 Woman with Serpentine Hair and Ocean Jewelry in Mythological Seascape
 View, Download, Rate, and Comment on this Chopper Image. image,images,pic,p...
◇ ◇ ◇
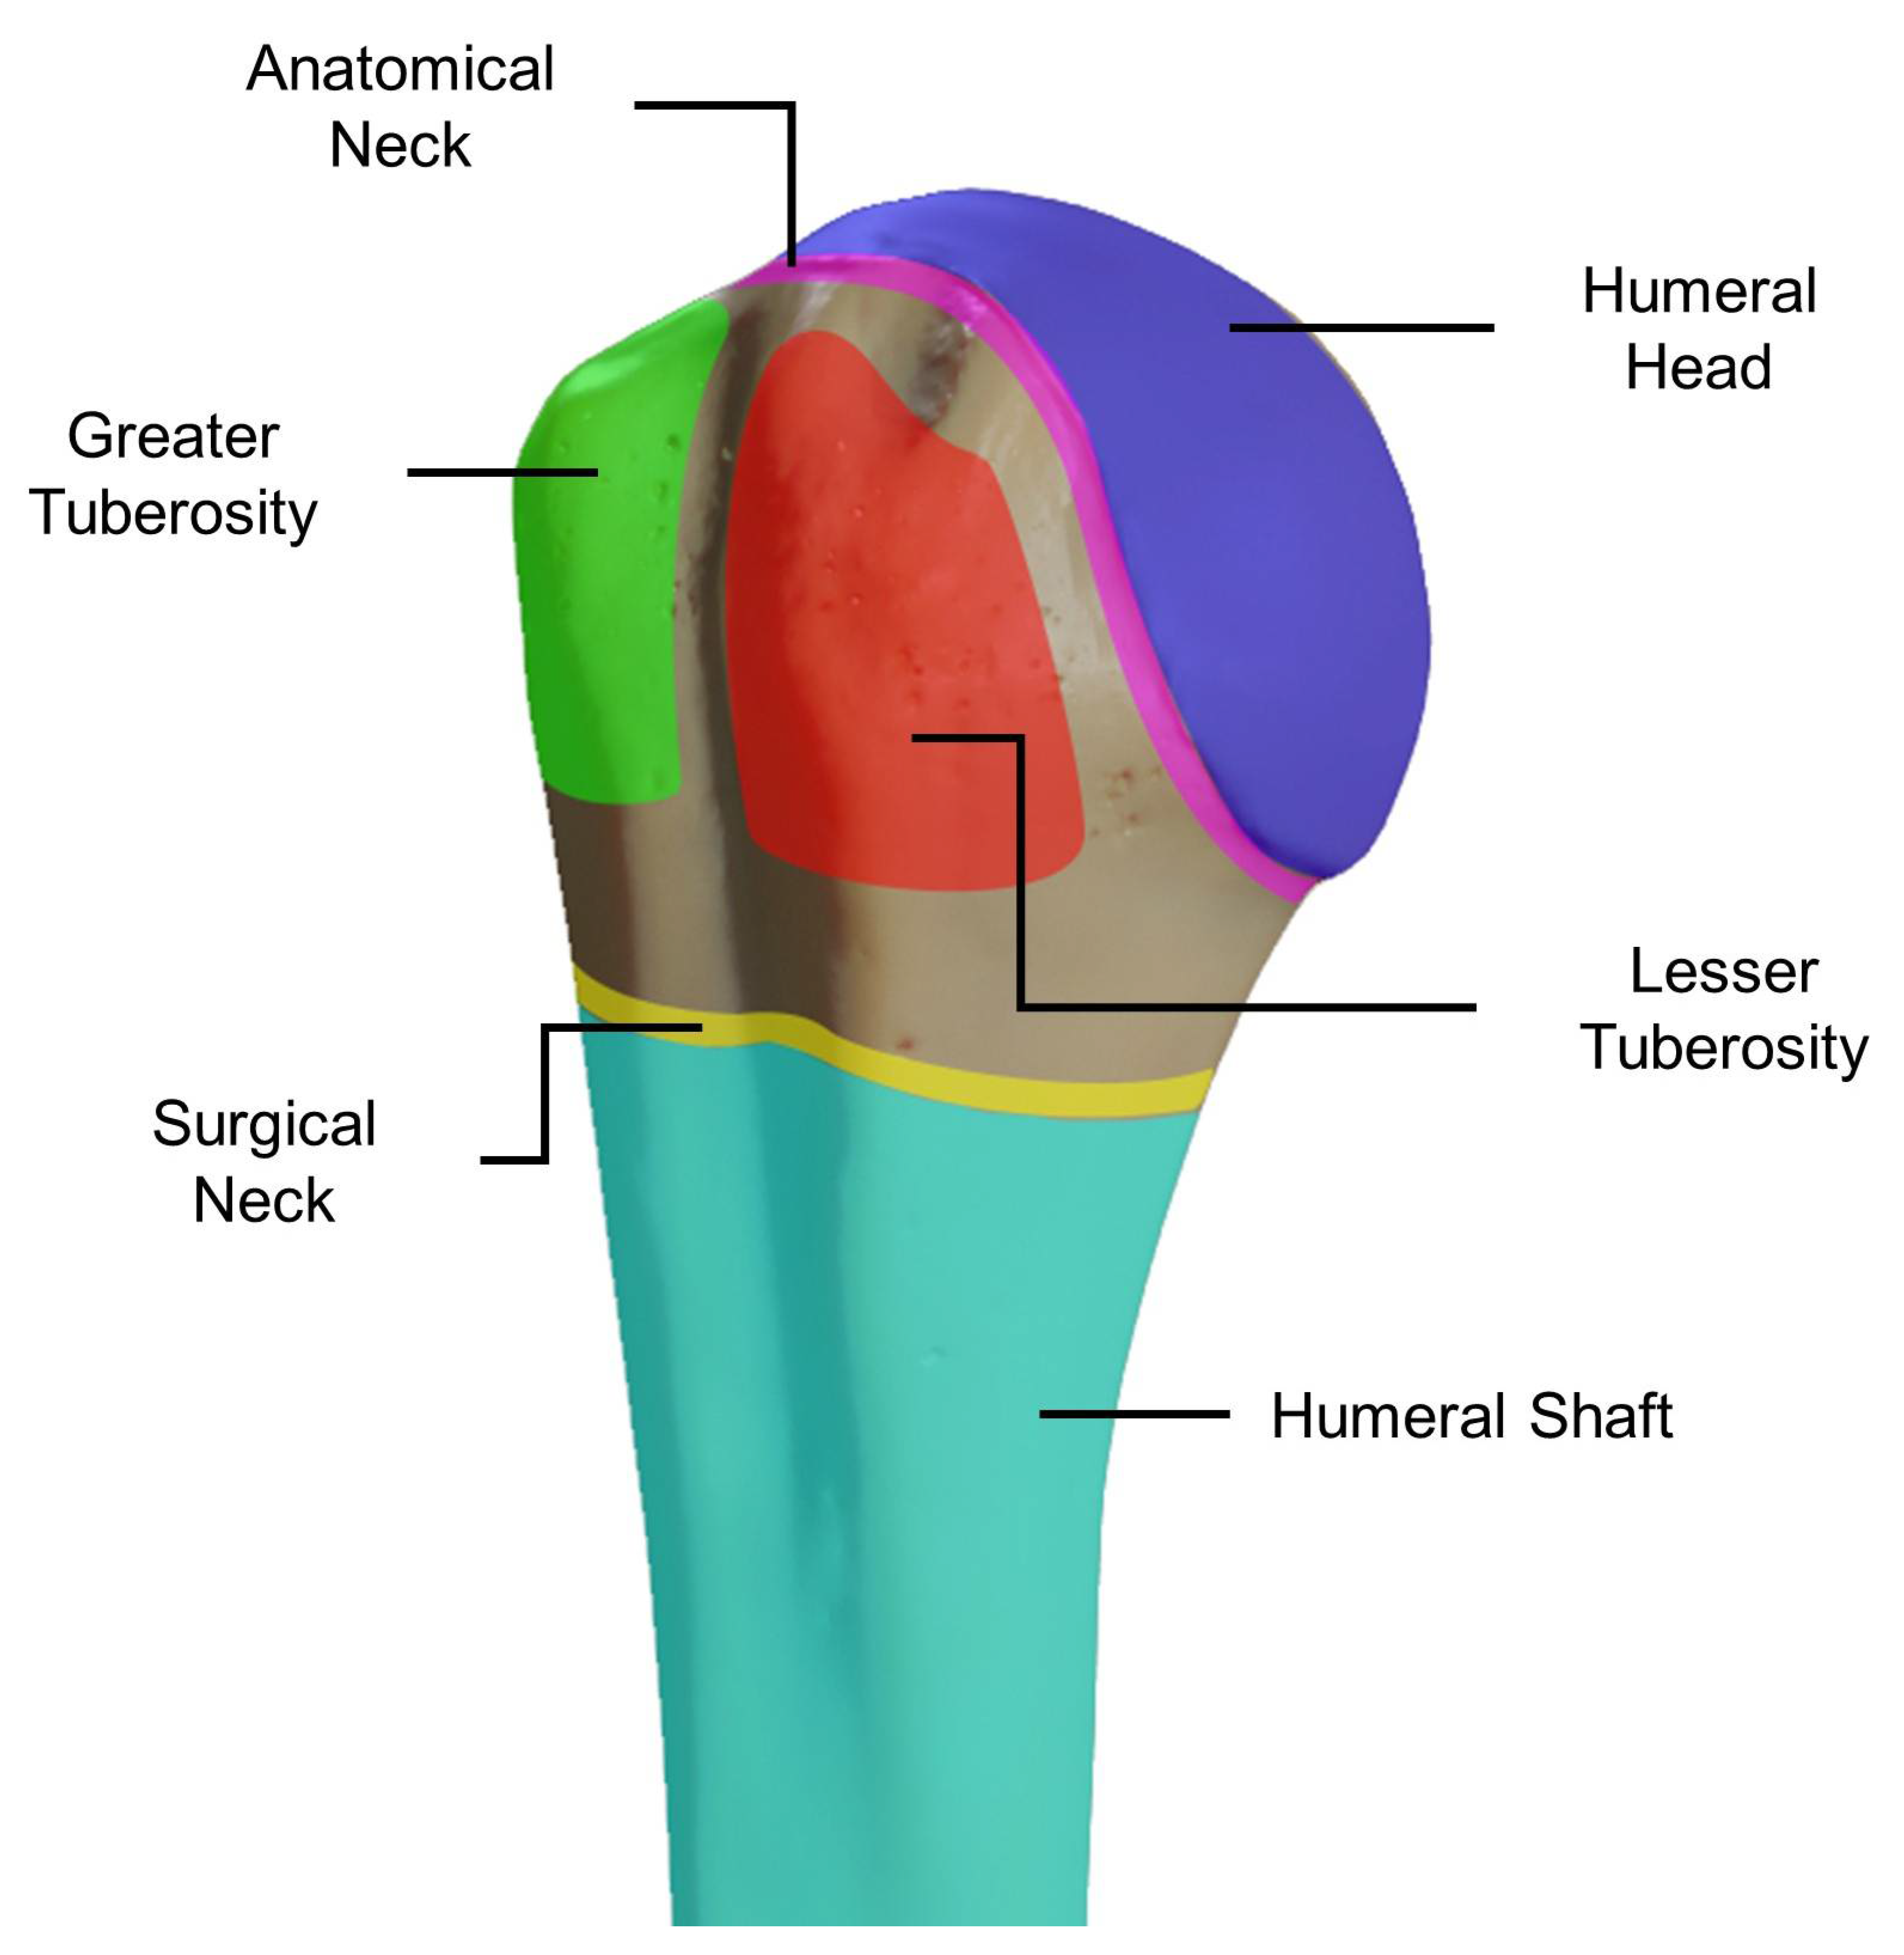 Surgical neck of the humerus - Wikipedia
◇ ◇ ◇
What you need to do: Only one stretch of the data above is needed. Restate it word for word, from the line containing "Woman with Serpentine" through the line containing "View, Download, Rate, and", both ends included.

Output for this task:
 Woman with Serpentine Hair and Ocean Jewelry in Mythological Seascape
 View, Download, Rate, and Comment on this Chopper Image. image,images,pic,p...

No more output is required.